Put Your Trust in ... Russ?


The 2-year-old bay colt and the two guard from Brooklyn are linked by a name—a once damning, now loving adjective of a name. Last April, Louisville coach Rick Pitino christened two of his other racehorses after players, calling the fast one Siva, for his point guard, Peyton Siva, and the big one Gorgui, for his 6'11" center, Gorgui Dieng. The coach purchased the bay at auction two months later for $145,000, on the advice of Doug O'Neill, the trainer of 2012 Kentucky Derby and Preakness winner I'll Have Another. O'Neill began working with the colt in Los Angeles last summer and told Pitino that it was a "giving" horse with natural speed—but it just might be impossible for a jockey to control. "He gives you 110 percent every day," O'Neill said, "but he isn't always doing the right thing 110 percent."

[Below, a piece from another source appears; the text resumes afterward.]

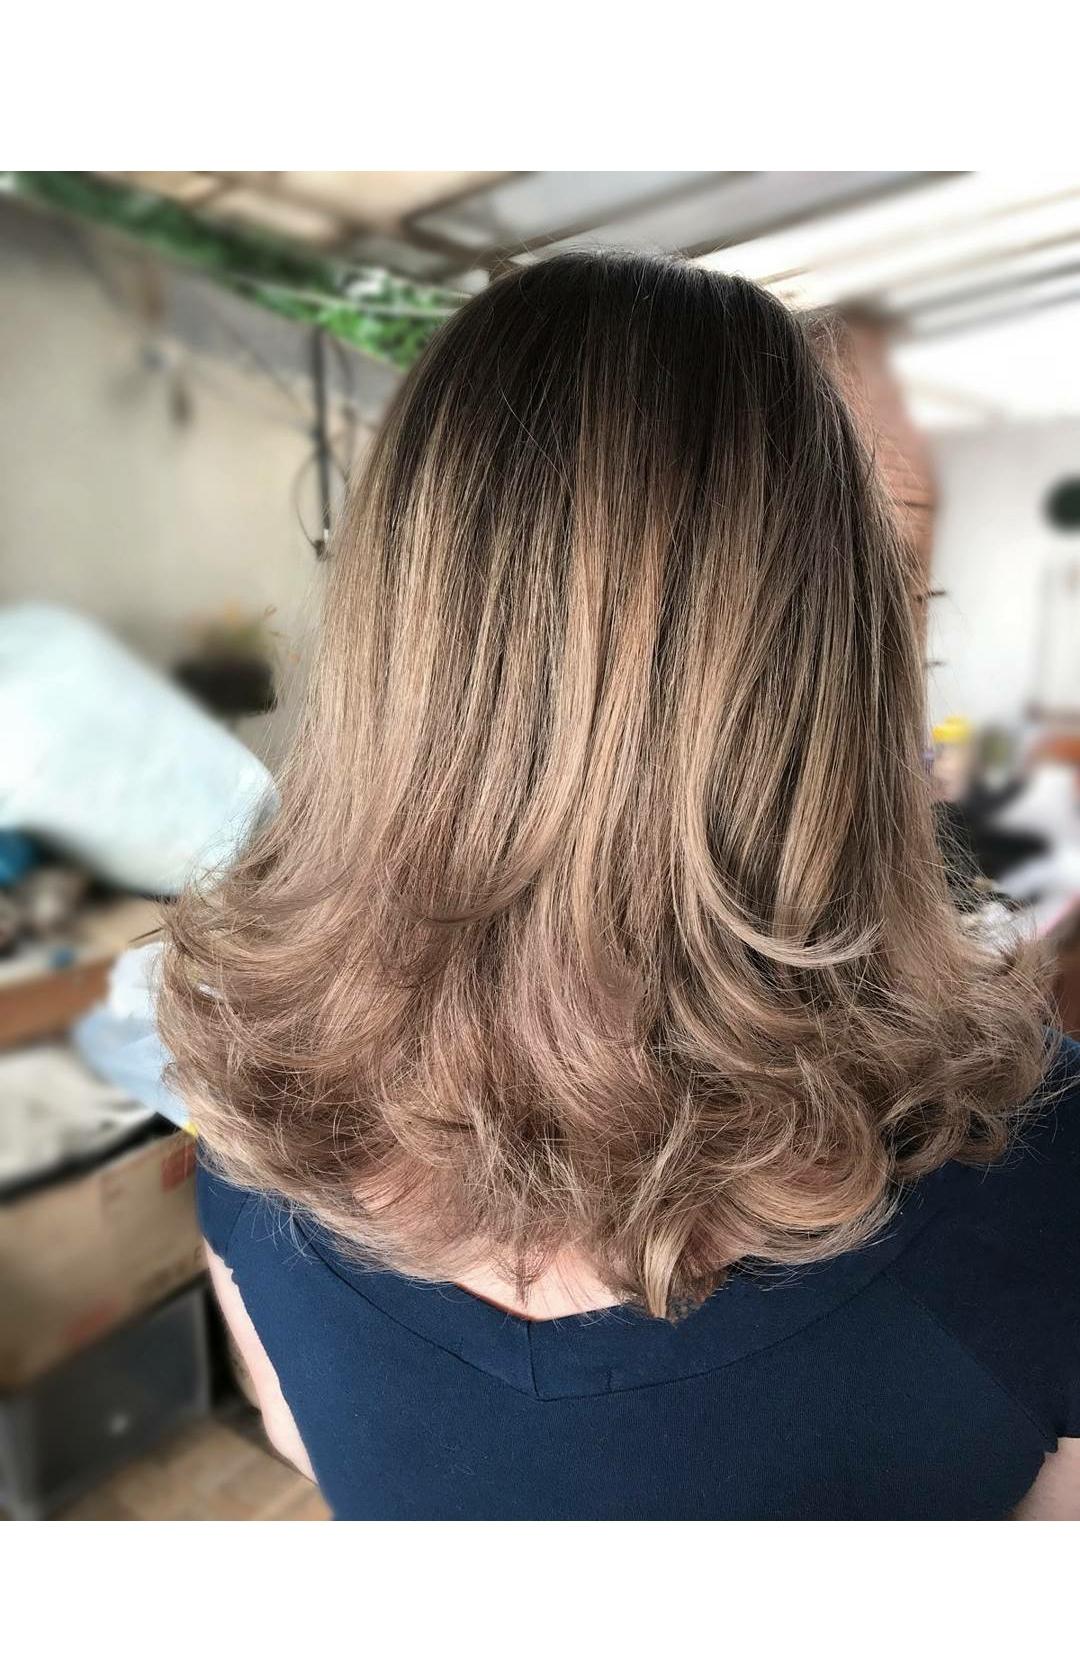 #luzes #ombrehair #ombrehighlights #haircut #chanel #blonde #hair #loirodossonhos #job #transformation #transformacao #cabelos #cabelosloiros #loirossaudaveis #loirosdivos #loirosdourados #loirosamanteigados #loirosperolados #loirosplatinados #corte cabelo cabeleireiro(a) stylist / visagista maquiador(a) designer de sobrancelhas

"I have a player who can be the MVP for either team," Pitino replied. "It sounds like a four-legged Russ Smith."

And so Smith's nickname became the horse's name. If they ever meet, college basketball's most endearingly reckless star—the 6-foot, 165-pound, dribble-attacking and pocket-picking junior who leads the fifth-ranked Cardinals in scoring and steals—has something he wants to ask his equine brother:

"Do you know that my name is Russdiculous too?"

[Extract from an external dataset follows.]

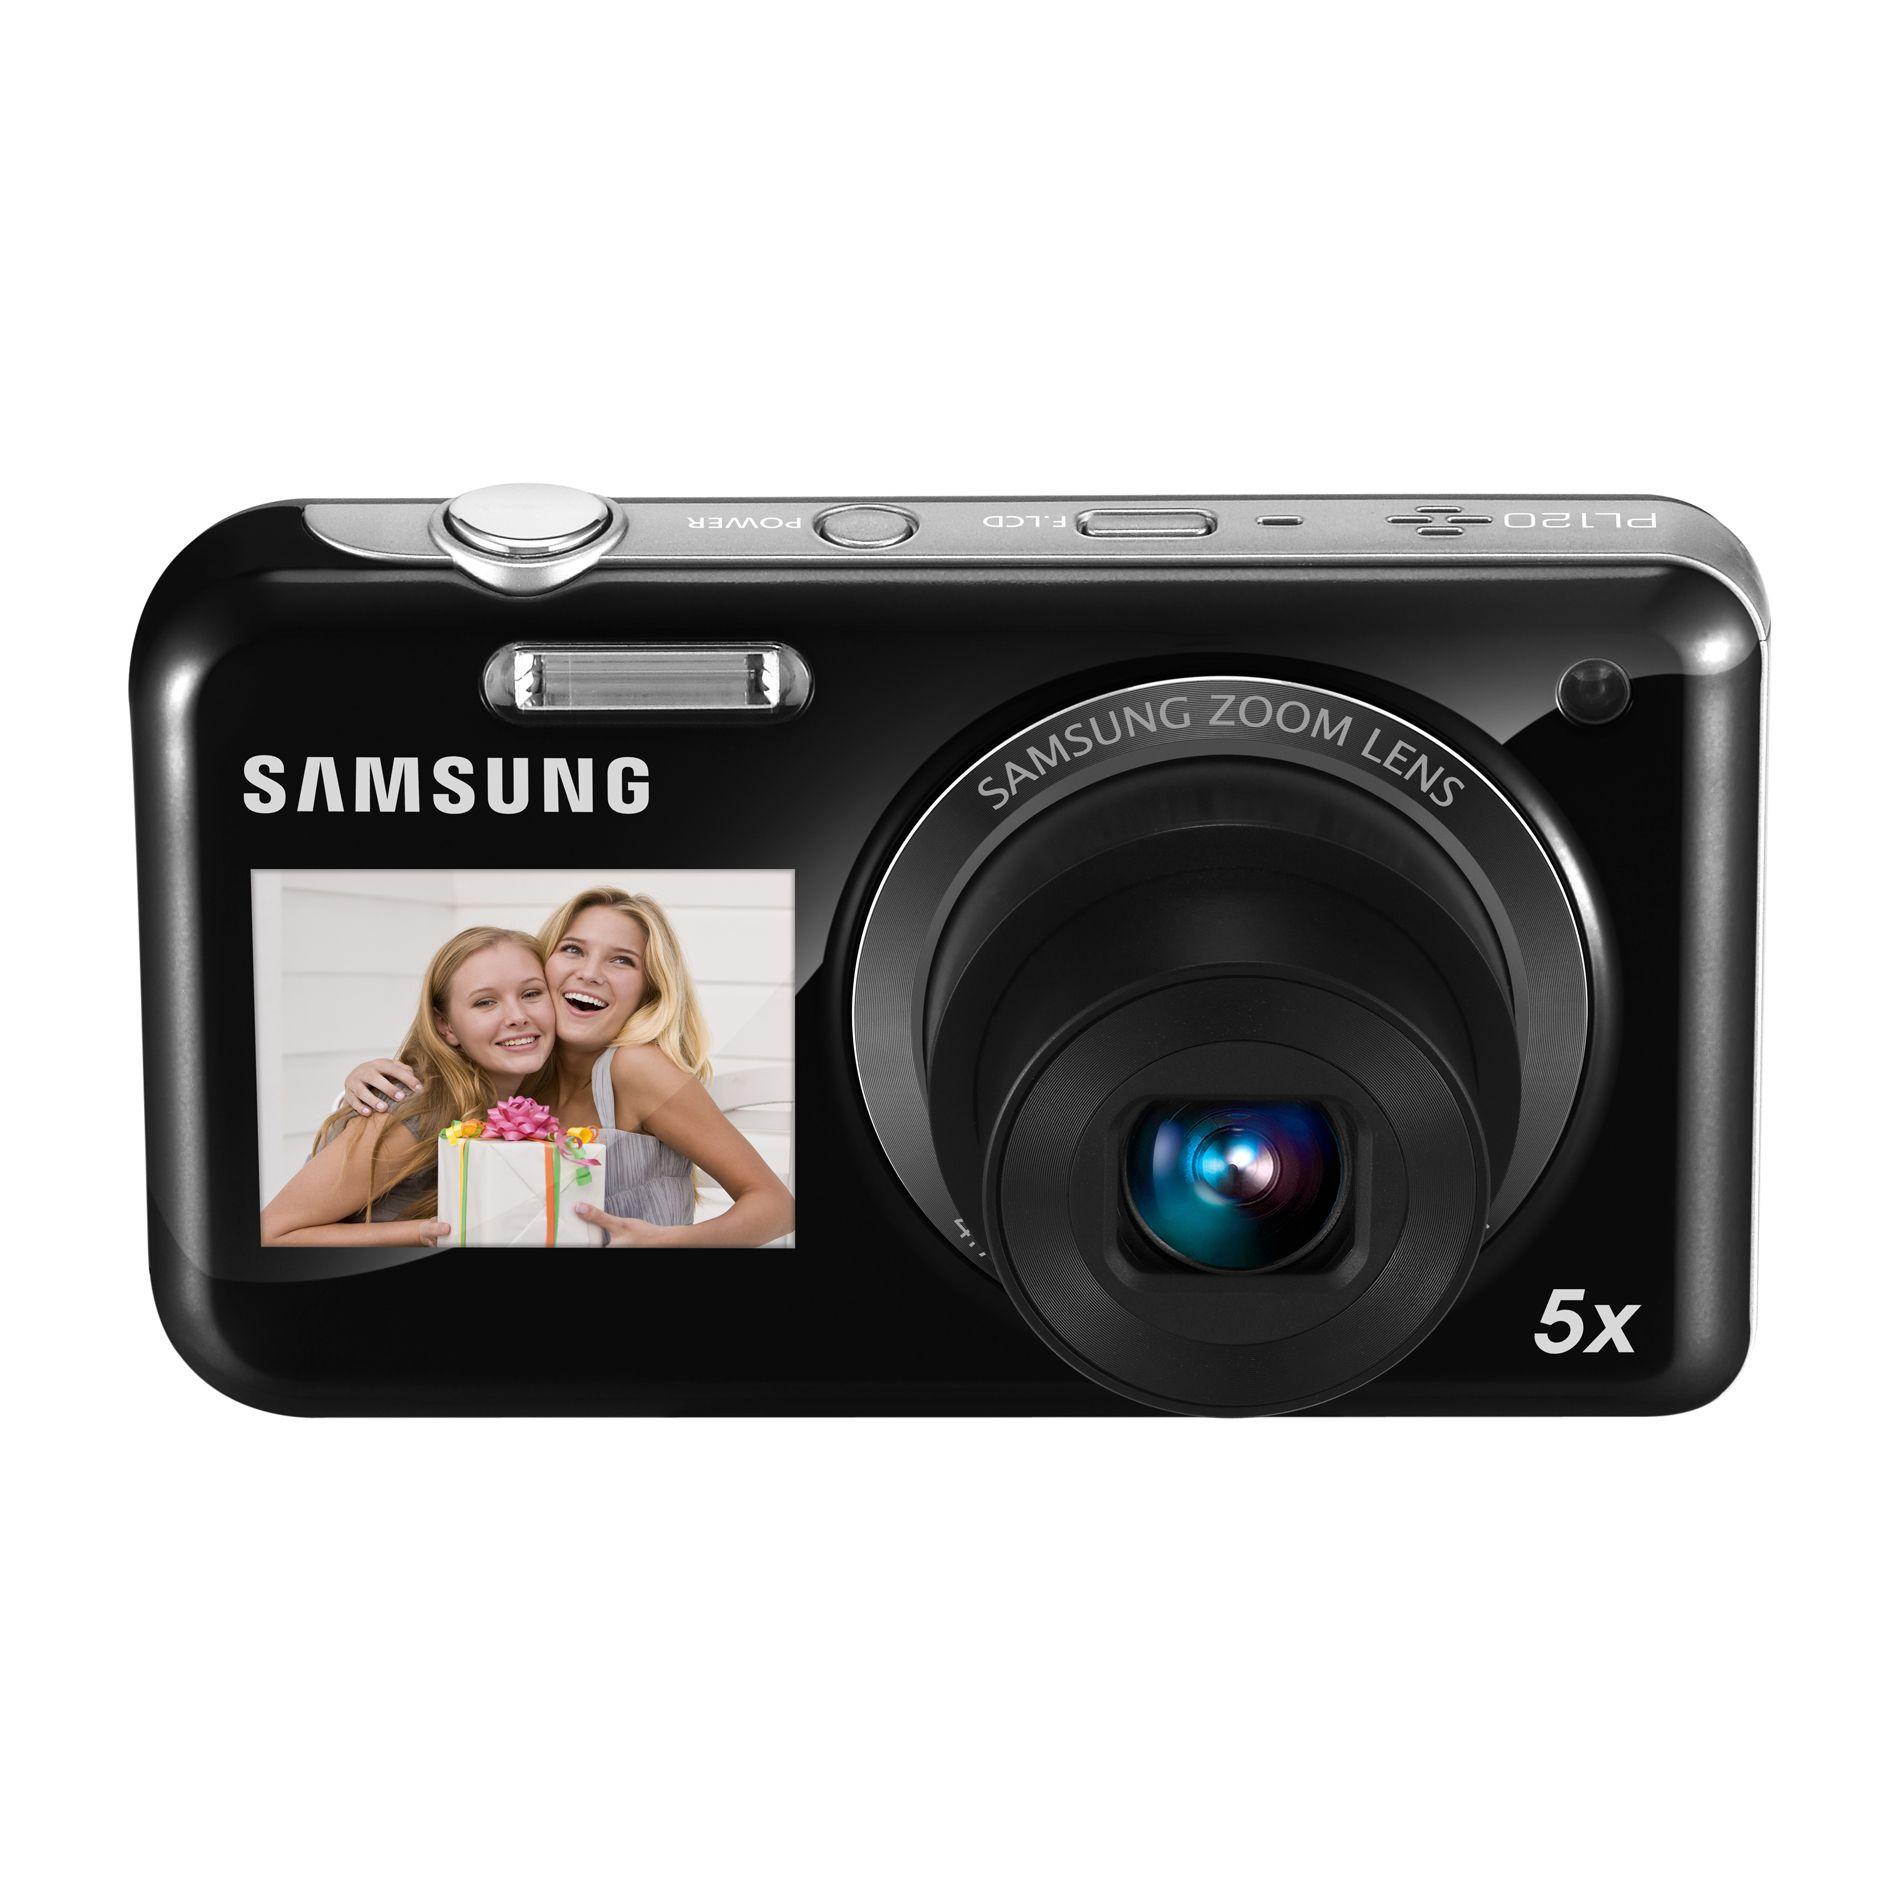 Samsung PL120 DualView 14.2 Megapixel Digital Camera- Black

RUSSDICULOUS: a Pitino portmanteau, coined at a January 2012 practice for the purpose of criticism. As Smith recalls, his ongoing battle with a condition endemic in Big Apple ballers—call it shot-selectiveness deficiency disorder—caused Pitino to snap, "That shot was ridiculous! Only you would take that shot. That shot was ... Russdiculous!"

Smith fired frequently and inefficiently through most of last season—taking a whopping 35.6% of the Cardinals' shots and making a woeful 35.6%—as the sixth man on a team that stumbled out of the polls by late January. But when Louisville came alive and went on an 8--0 run in March, Smith was invaluable. "Without him," Pitino says, "we have no chance of winning the Big East tournament and going to the Final Four." During that run a semantic shift occurred. RUSSDICULOUS evolved to mean, able to make enough winning plays to get away with pushing your coach to the brink of a nervous breakdown.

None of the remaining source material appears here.